Он любил поспать. Телефон прозвонил двенадцать раз, прежде чем он услышал. Он схватил трубку и посмотрел на часы. Половина пятого утра. Выслушал звонившего, вскочил на ноги и через восемь минут уже был в Овальном кабинете. Не брит, без галстука. Посмотрел на Флетчера Коула, своего начальника штаба, и сел за стол.

Коул улыбался. Его великолепные зубы и лысина сверкали. Только тридцать семь, он еще мальчишка, который, к удивлению многих, четыре года назад спас проваливавшуюся кампанию и усадил своего босса в Белый дом. Он был хитрым манипулятором и злобным прихвостнем, который прокладывал свой путь в узком кругу избранных, пока не стал вторым в команде. Многие видели в нем настоящего босса. Простое упоминание его имени вызывало страх у занимающих скромное положение штатных сотрудников.

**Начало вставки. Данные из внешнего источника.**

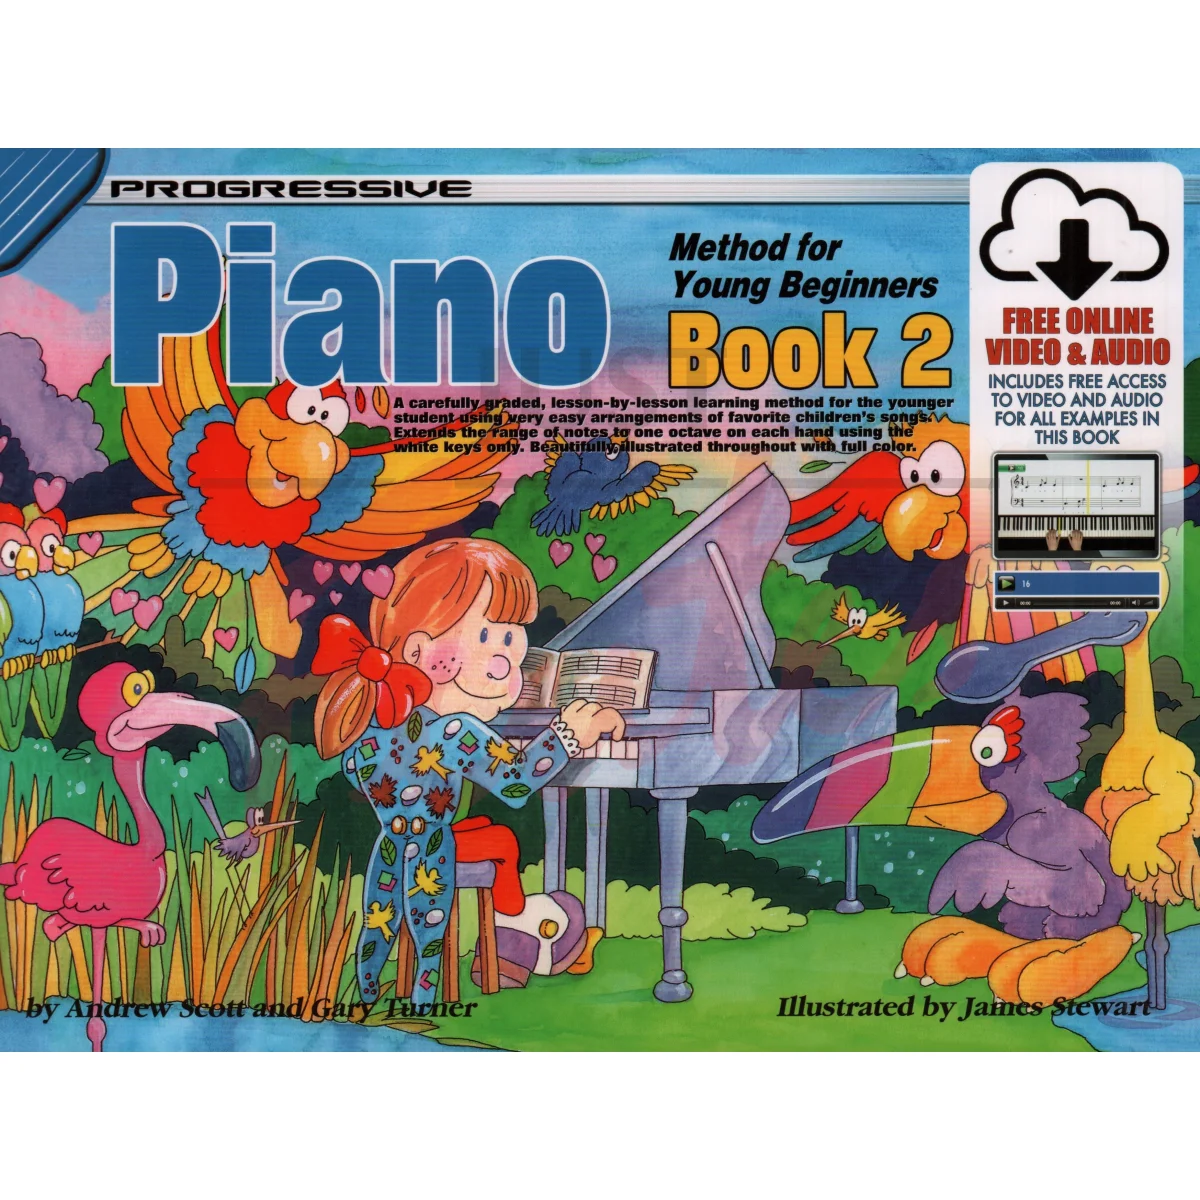 Progressive Piano Method for Young Beginners Book 2

— Что случилось? — медленно спросил Президент.

Коул вышагивал перед столом Президента.

— Знаю немного. Они оба мертвы. Два агента ФБР нашли Розенберга примерно в час ночи. Мертвого в постели. Его санитар и полицейский Верховного суда также убиты. Все трое выстрелами в голову. Очень чистая работа. Пока ФБР и полиция округа Колумбия занимались расследованием, им позвонили, что Дженсена нашли мертвым в каком-то клубе гомосексуалистов. Они обнаружили его пару часов тому назад. Войлс позвонил мне в четыре, а я перезвонил вам. Он и Гмински должны быть здесь с минуты на минуту.

— Гмински?

— ЦРУ должно быть включено в работу, по крайней мере, сейчас.

Президент сложил руки за головой и потянулся.

— Розенберг мертв.

— Да, абсолютно точно. Я предлагаю вам обратиться к народу через пару часов. Мабри делает набросок выступления. Я закончу. Давайте подождем наступления дня, хотя бы до семи часов. Если не сделать так, будет слишком рано, и мы потеряем большую часть нашей аудитории.

— Пресса?..

— Да. Она уехала. Они сняли на пленку, как санитарная машина доставила Дженсена в морг.

— Я не знал, что он был гомосексуалистом.

— Никакого сомнения в этом сейчас. Это отличный критический момент. Подумайте. Мы не создаем его. Это не наша ошибка. Никто не может возложить вину за это на нас. И вся нация содрогнется и в какой-то степени объединится. Это будет сплочение вокруг лидера. Все просто замечательно. Нет пути в сторону.

Президент маленькими глотками пил кофе и посматривал на бумаги на своем столе.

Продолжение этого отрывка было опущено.